Скучный завтрак и надоевшая, как горькая редька, перевязка. Не менее надоевшие вопросы о том, вспомнила ли она хоть что-нибудь. Нет, она ничего не помнит. Только свое имя.

Алла Владимировна с явным неудовольствием покачала головой, уловив раздражение в голосе девочки:

– Лида, мы пытаемся тебе помочь. Почему ты сердишься?

– Извините, Алла Владимировна. Просто плохо спала сегодня, – почувствовав укол совести, опустила глаза Лида.

– Боли? – глянули на нее добрые карие глаза.

– Нет. Сны какие-то дурацкие, – задумчиво ответила девочка, пытаясь вспомнить хотя бы один из них.

– Бывает, – кивнула медсестра и улыбнулась. – Ну, я пойду, а ты ложись. Может получиться поспать хоть немного.

– Хорошо, – не стала спорить Лида.

Вместо того, чтобы последовать совету медсестры, она выглянула в коридор, проверяя, закончился ли утренний обход. Ей снова захотелось навестить своего таинственного друга. Самое активное движение уже прекратилось, и Лида, нерешительно ступая еще не до конца поджившими ступнями, двинулась к двери знакомой палаты. Прежде чем войти, она на секунду замерла, прислушиваясь к невнятному шуму в глубине. Кто-то тихо приговаривал и звенел металлической уткой. Кажется, она не вовремя, – подумала девочка и отшатнулась назад. В этот момент дверь палаты распахнулась и в проеме показалось румяное лицо Аллы Владимировны.

– А ты что тут делаешь? – удивилась медсестра. – Я думала, ты спать будешь.
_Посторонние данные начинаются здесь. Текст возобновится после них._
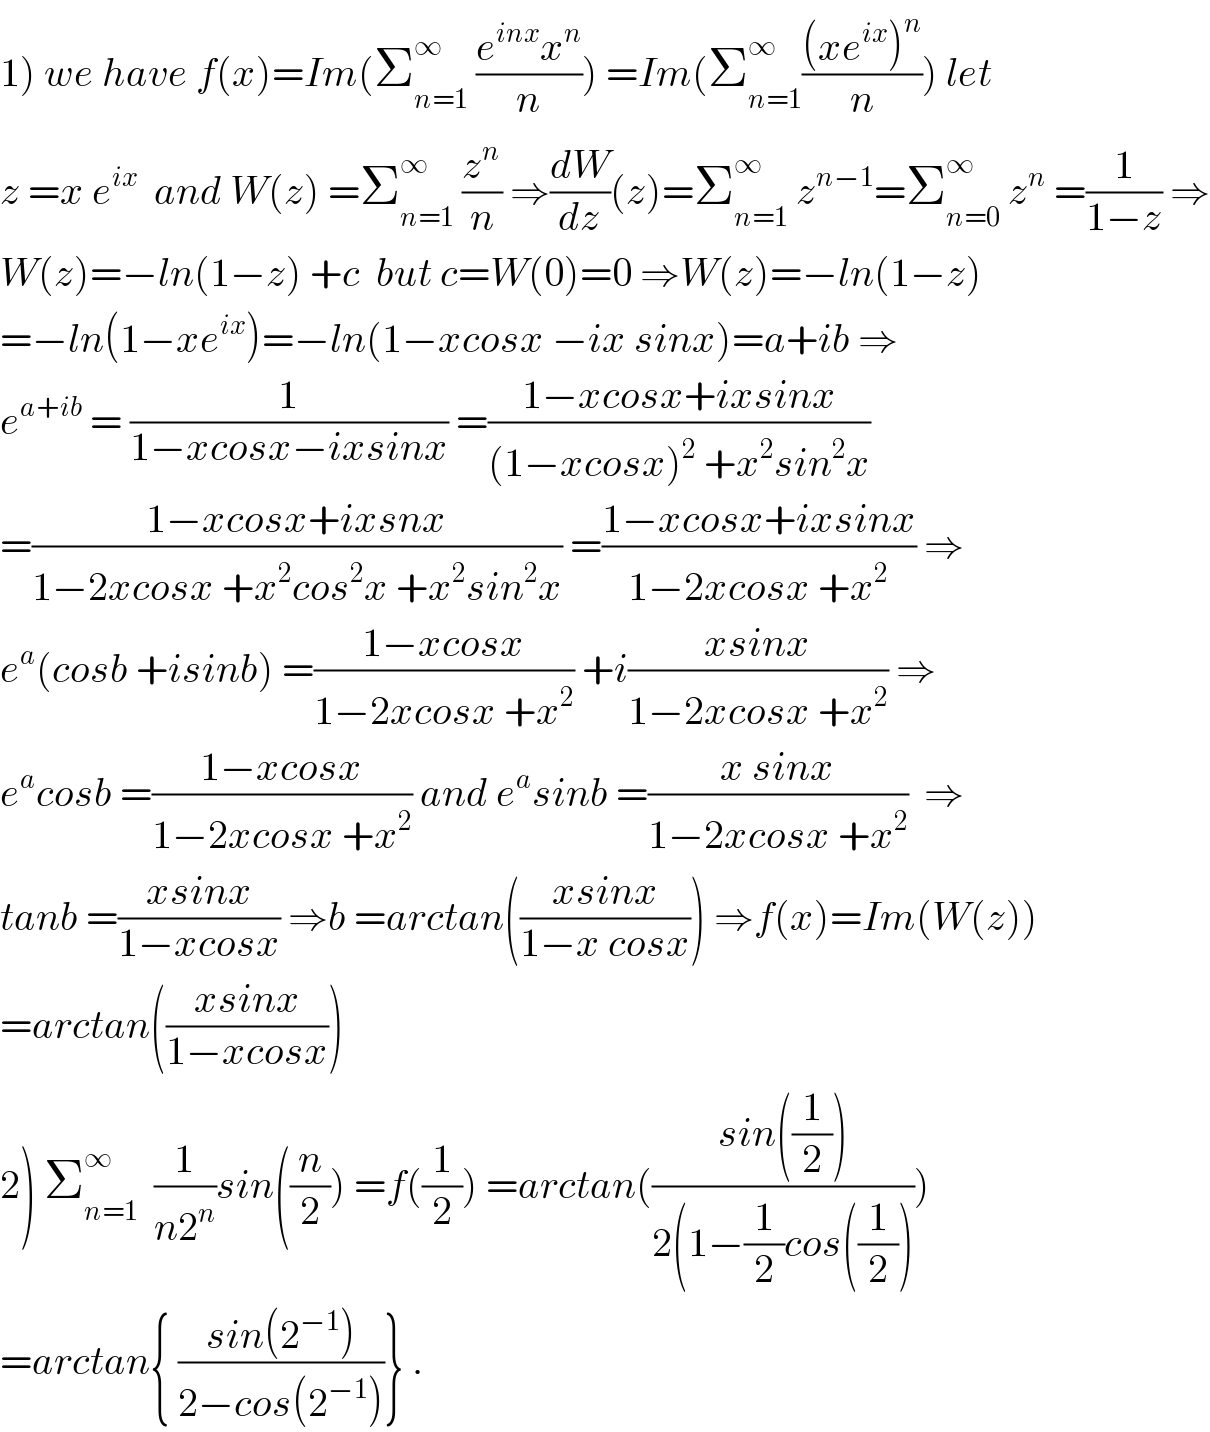 1) we have f(x)=Im(Σ_(n=1) ^∞  ((e^(inx) x^n )/n)) =Im(Σ_(n=1) ^∞ (((xe^(ix) )^n )/n)) let   z =x e^(ix)   and W(z) =Σ_(n=1) ^∞  (z^n /n) ⇒(dW/dz)(z)=Σ_(n=1) ^∞  z^(n−1) =Σ_(n=0) ^∞  z^n  =(1/(1−z)) ⇒  W(z)=−ln(1−z) +c  but c=W(0)=0 ⇒W(z)=−ln(1−z)  =−ln(1−xe^(ix) )=−ln(1−xcosx −ix sinx)=a+ib ⇒  e^(a+ib)  = (1/(1−xcosx−ixsinx)) =((1−xcosx+ixsinx)/((1−xcosx)^2  +x^2 sin^2 x))  =((1−xcosx+ixsnx)/(1−2xcosx +x^2 cos^2 x +x^2 sin^2 x)) =((1−xcosx+ixsinx)/(1−2xcosx +x^2 )) ⇒  e^a (cosb +isinb) =((1−xcosx)/(1−2xcosx +x^2 )) +i((xsinx)/(1−2xcosx +x^2 )) ⇒  e^a cosb =((1−xcosx)/(1−2xcosx +x^2 )) and e^a sinb =((x sinx)/(1−2xcosx +x^2 ))  ⇒  tanb =((xsinx)/(1−xcosx)) ⇒b =arctan(((xsinx)/(1−x cosx))) ⇒f(x)=Im(W(z))  =arctan(((xsinx)/(1−xcosx)))  2) Σ_(n=1) ^∞   (1/(n2^n ))sin((n/2)) =f((1/2)) =arctan(((sin((1/2)))/(2(1−(1/2)cos((1/2)))))  =arctan{ ((sin(2^(−1) ))/(2−cos(2^(−1) )))} .

– Ну, понимаете, – замялась Лида. – Я, кажется, знаю этого мальчика.

– Да что ты говоришь? Ты его помнишь? – заволновалась Алла Владимировна.

– Не совсем. Но я знаю его имя. Его зовут Кеша, – неуверенно ответила она.

– Точно. Это Иннокентий Калитин, – подтвердила женщина.

– А можно я около него посижу? Может, еще что-нибудь вспомню, – попросила Лида.

Медсестра на секунду задумалась, затем энергично закивала:

– Да, хорошая идея. А может, и он, как очнется, расскажет, что знает про тебя.

Аллу Владимировну мучила мысль о том, что приближается время выписки и если за два-три дня Лида так ничего и не вспомнит, тогда девочку придется отправить в интернат или детский дом до установления личности ее родственников.

С этого дня Лида подолгу сидела у его постели и пыталась думать. Информации было критически мало. Ее память, словно новорожденный ребенок, смотрела в окно невинными, широко раскрытыми глазами. Пустая книга, где написаны первые строчки. Короткие, обрывистые мысли ни к чему дельному не приводили.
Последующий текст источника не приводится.